When I am facilitating couples in marital counseling, what I notice the most is that I am really mentoring a little girl and a little boy. That is who shows up for the retreat. I work with clients on the old beliefs that their inner children created and are acting out. The first day of the couples counseling retreat is about seriously looking at those wounded areas that caused the old belief and how they are still living in this little girl or little boy.
Most of my clients are pretty shocked in regards to their behaviors.
When we are acting out of this wounded place, we behave just like a child. If we can’t recognize this pattern, we will never grow up! Usually if you are married to a little boy instead of a grown man, it is a mirror that you too are still a little girl. This is not such a fun awareness to have. I have women who call me about the couples retreat who want their partner to grow up and start being responsible. When I hear this, I start to look for where she is still a child. Usually this behavior is pretty easy to find.

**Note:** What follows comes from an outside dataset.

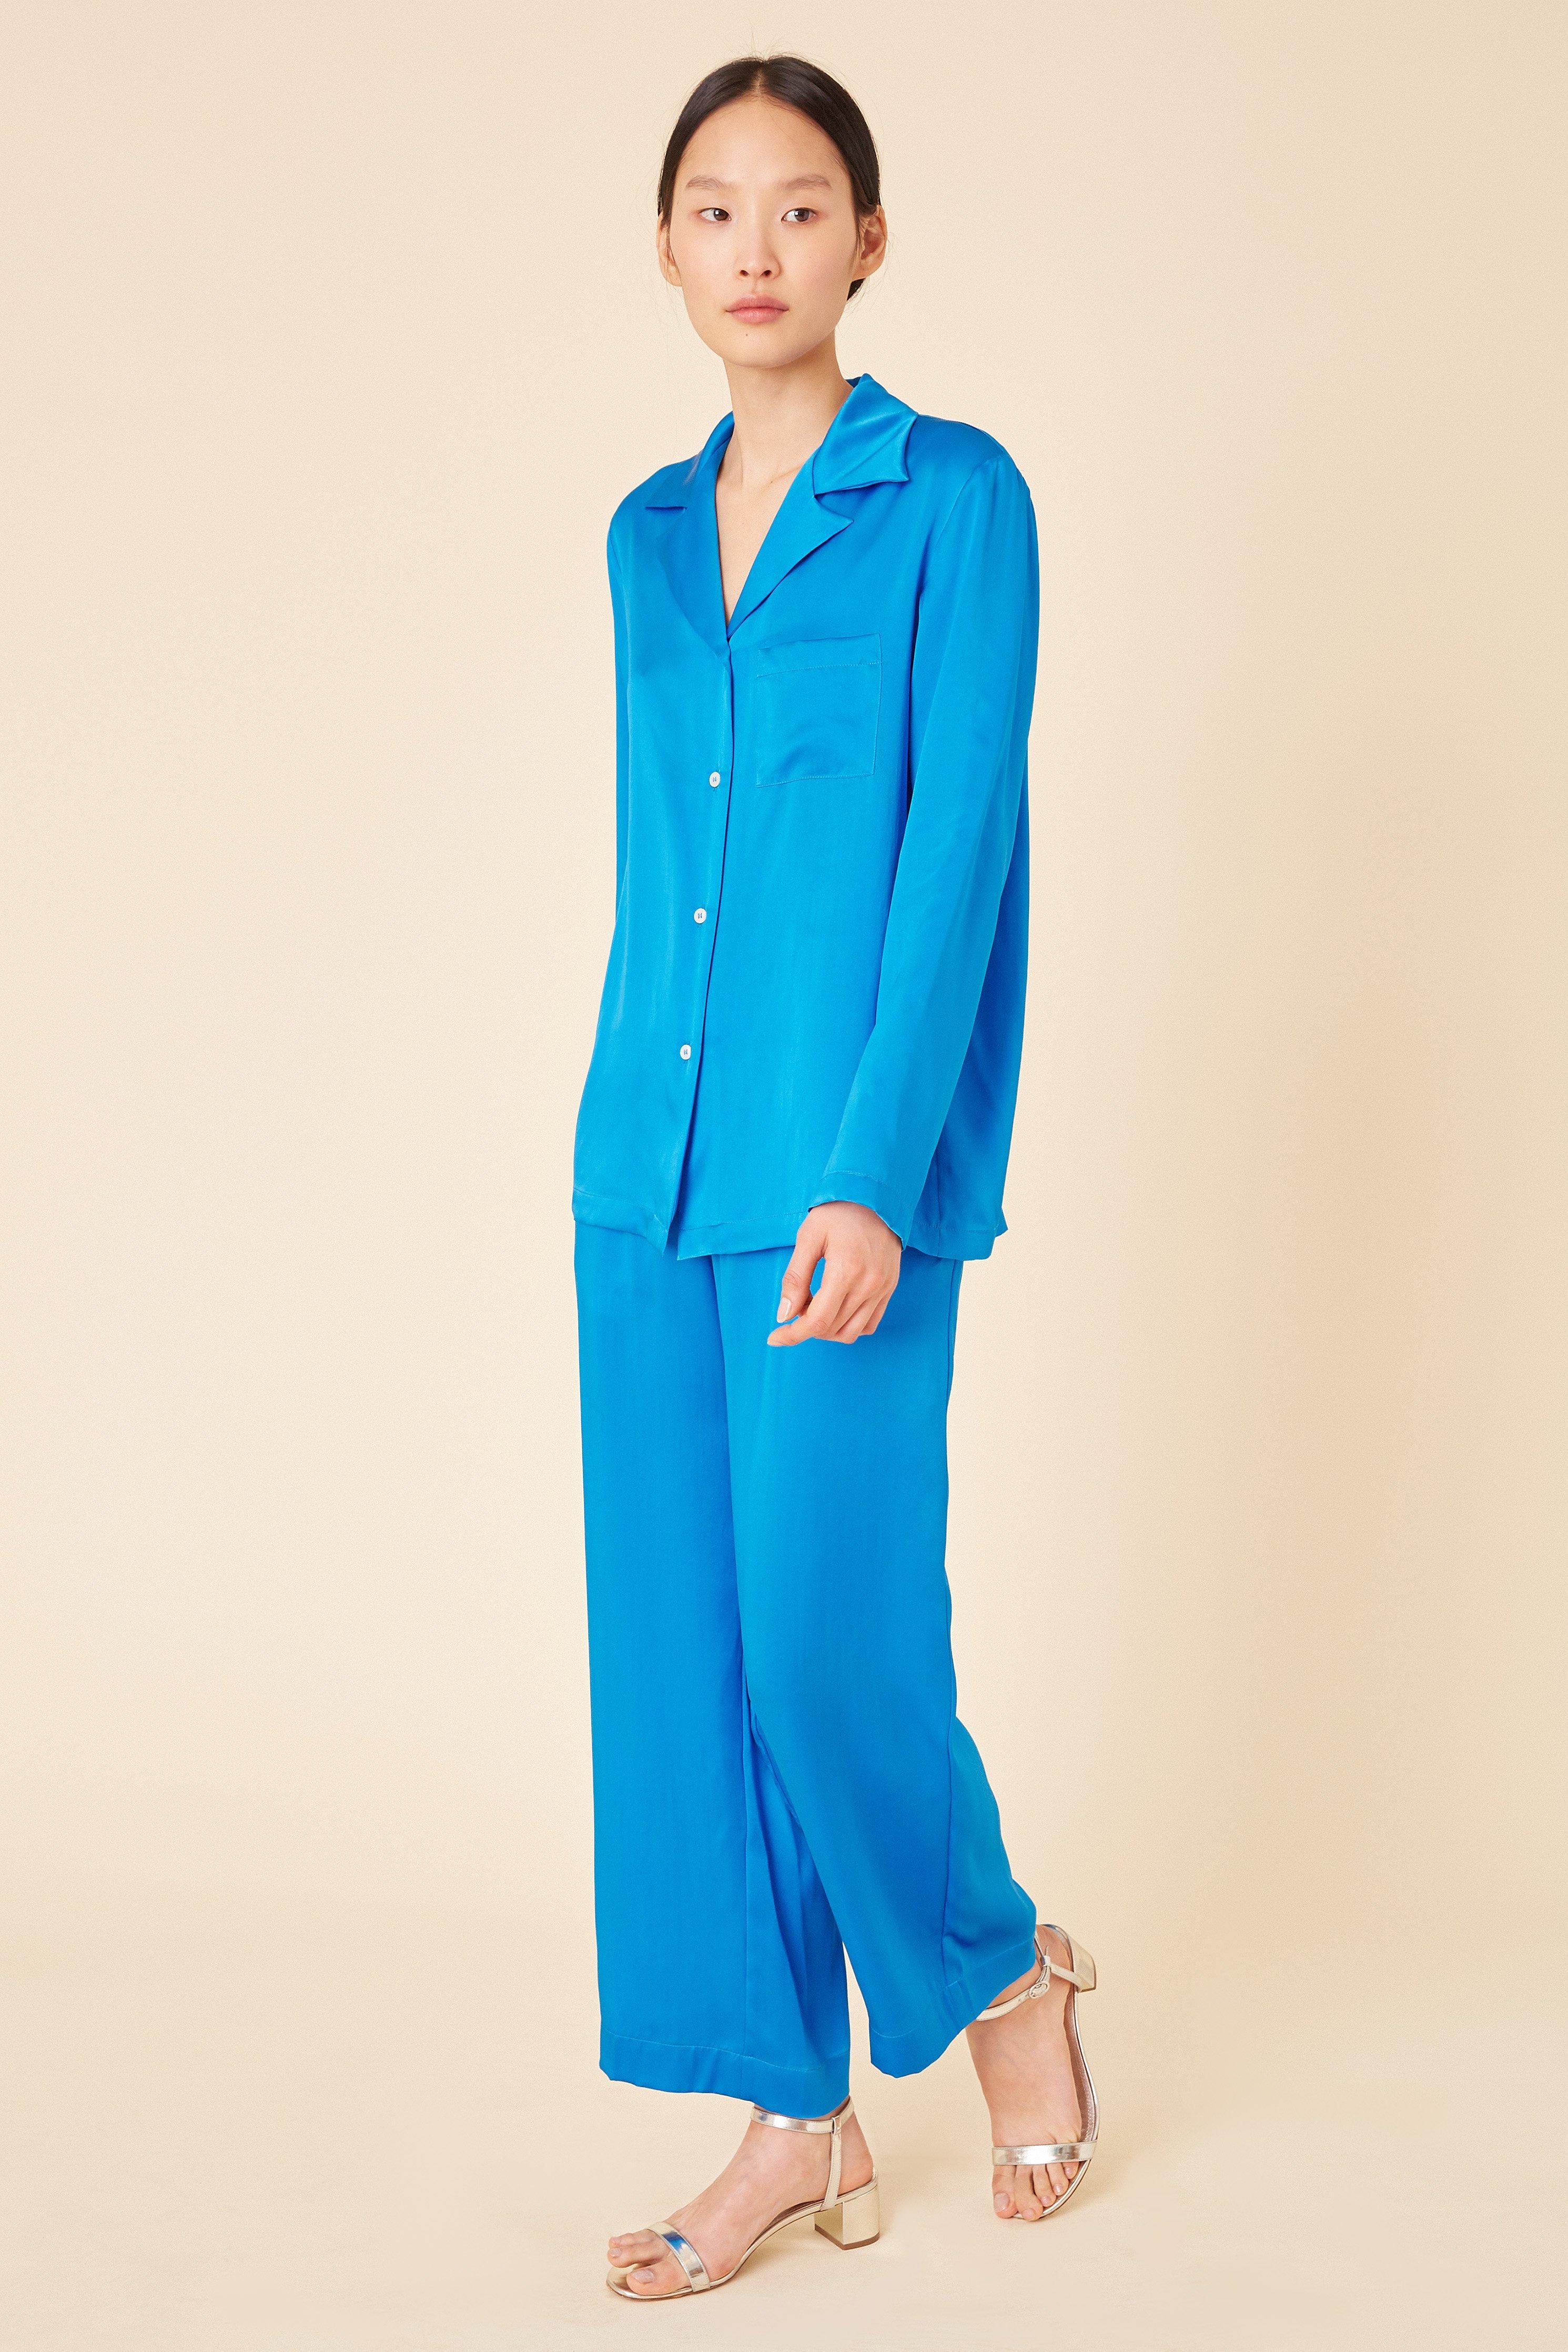 b599304e687d9 Mansur Gavriel - Blue Silk Charmeuse Pajama Shirt - Royal - Lyst. View  fullscreen

The first behavior of a little girl in relationship with a little boy is that she is looking for him to change to make her feel better. “If he would just be more responsible, our relationship would be much better.” This behavior is making someone else responsible for your happiness. A grown woman knows she is the only one that can be responsible for the way she feels. So, if you are projecting onto your partner to get him to do, say or be different to make you feel better, that is a very childish behavior.
A grown woman knows she is responsible for her own emotional, physical, and financial well-being. She knows that her safety does not lie in anyone else’s hands.
If you ever find yourself in communication with your partner and you are trying to fix him, or defend your position, you are in your little girl. When we try to change our partner or other people, it’s because we feel that we can’t be happy or safe unless they change. This is an old belief and simply not the truth. This is where we can let that inner child know that this is a lie; that our happiness and safety isn’t out there, it is inside of us.
If you find yourself needing to change and fix your partner, marital counseling would completely shift this behavior and allow you to have a more open and loving relationship.
Isn’t being deeply connected to our partner what we truly desire?